**INPUT DATA:**
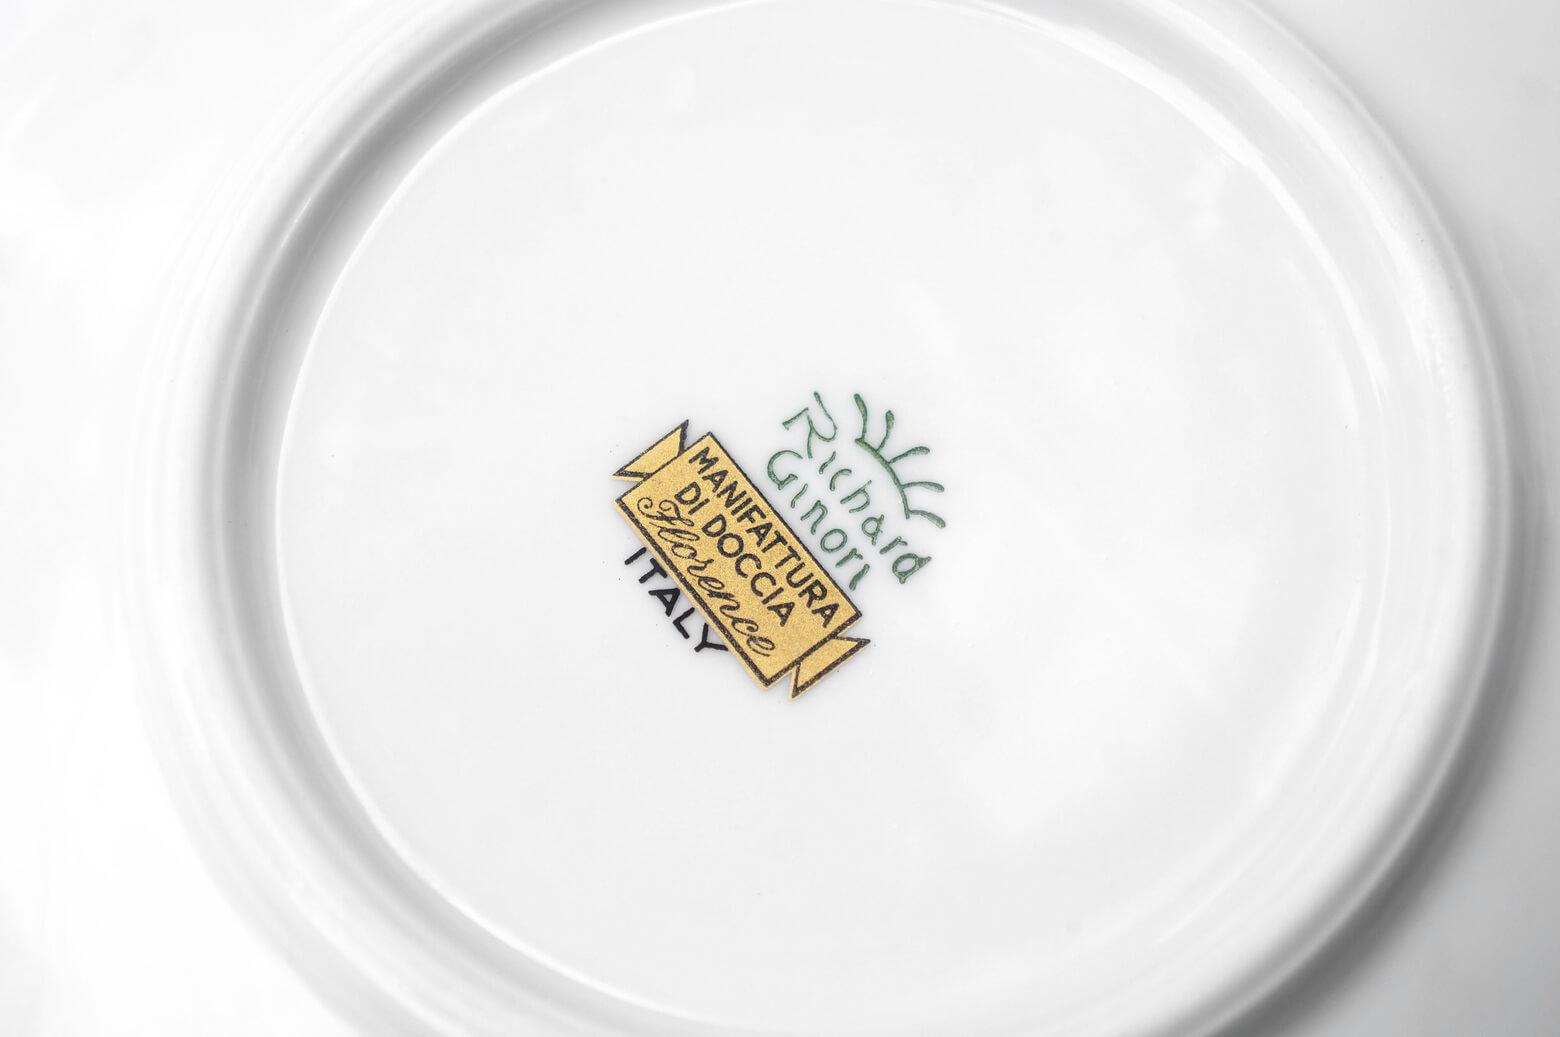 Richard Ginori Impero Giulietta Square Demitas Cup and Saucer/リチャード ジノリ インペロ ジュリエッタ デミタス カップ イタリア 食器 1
...
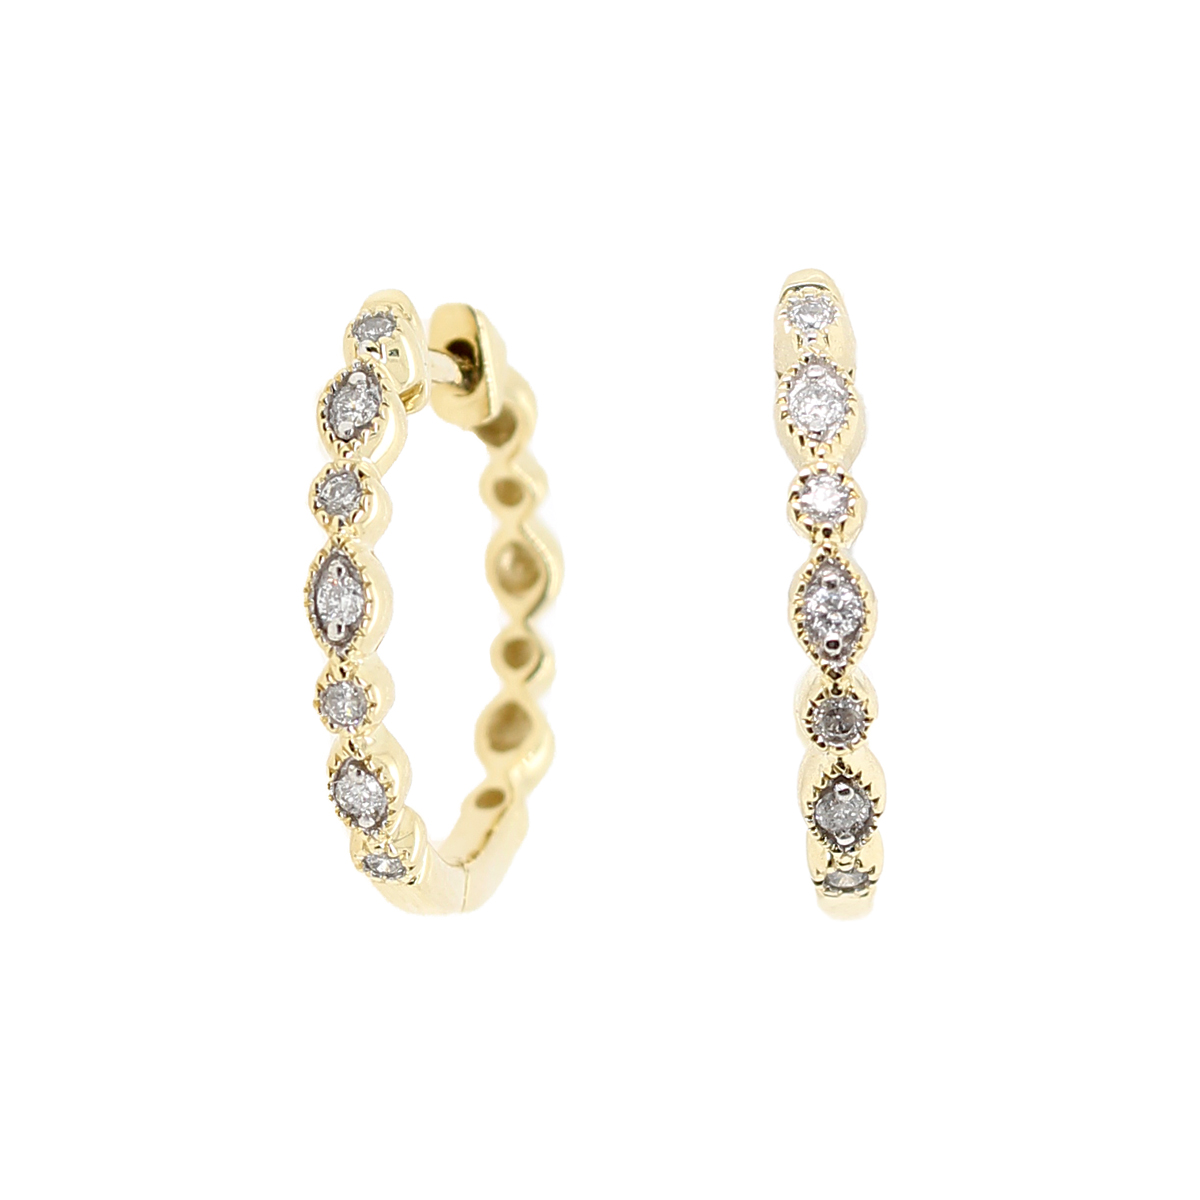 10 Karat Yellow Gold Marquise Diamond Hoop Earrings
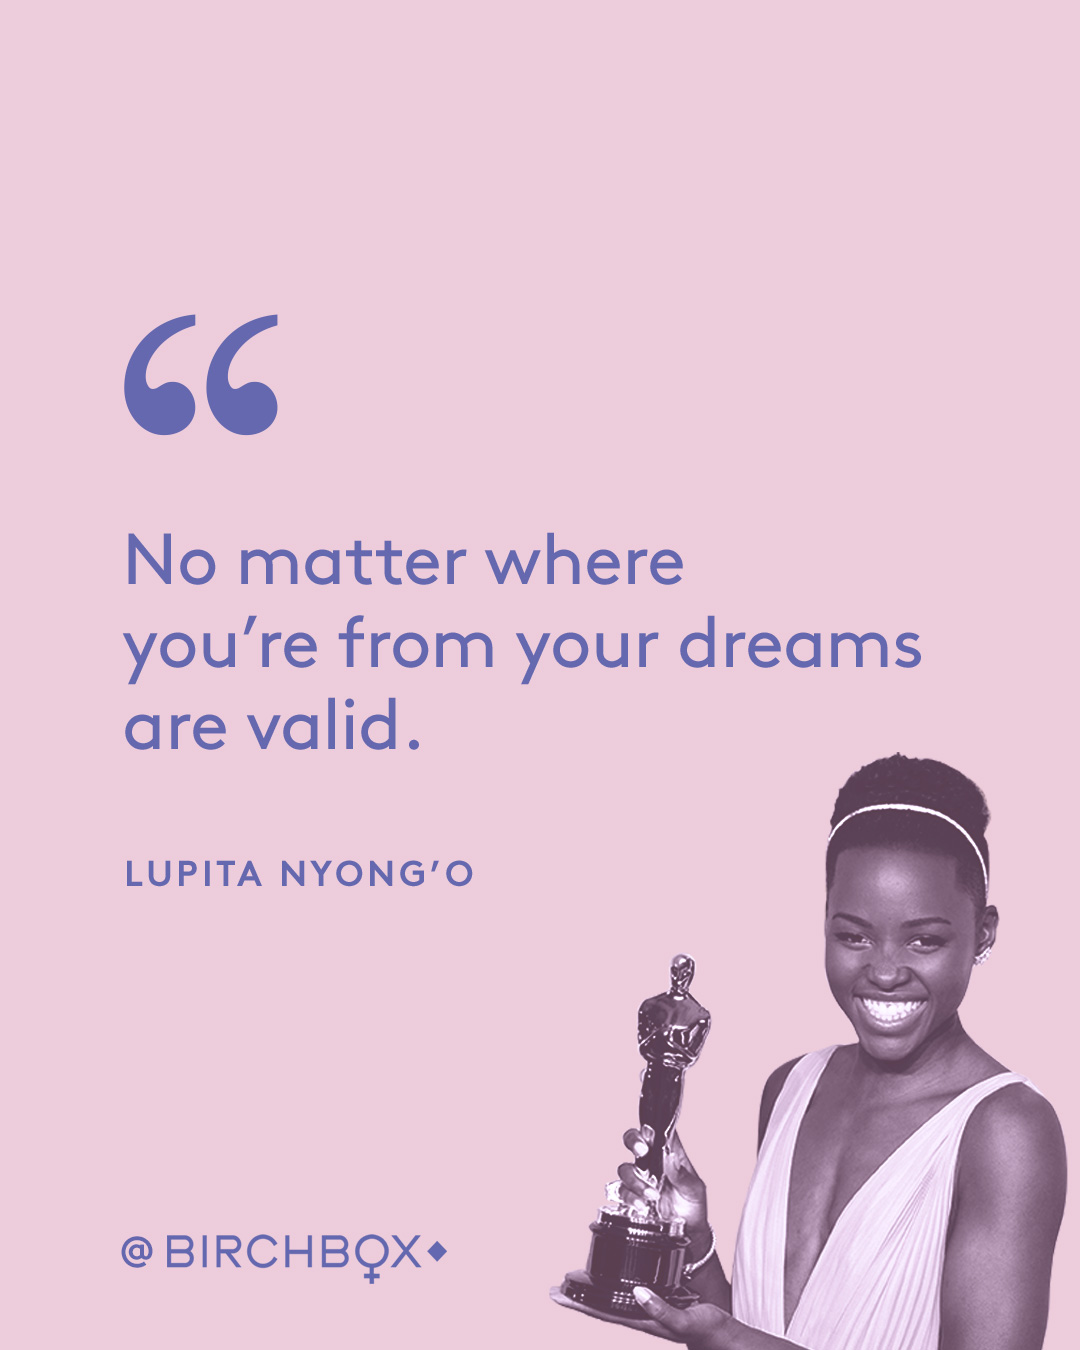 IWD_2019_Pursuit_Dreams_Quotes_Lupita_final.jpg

**EXERCISE OBJECTIVE:** When you reach the line that has "10 Karat Yellow" in the data above, start repeating lines exactly, and stop after the line that has "IWD_2019_Pursuit_Dreams_Quotes_Lupita_final.jpg"; pictures stay out.

**RESULT:**
 10 Karat Yellow Gold Marquise Diamond Hoop Earrings
 IWD_2019_Pursuit_Dreams_Quotes_Lupita_final.jpg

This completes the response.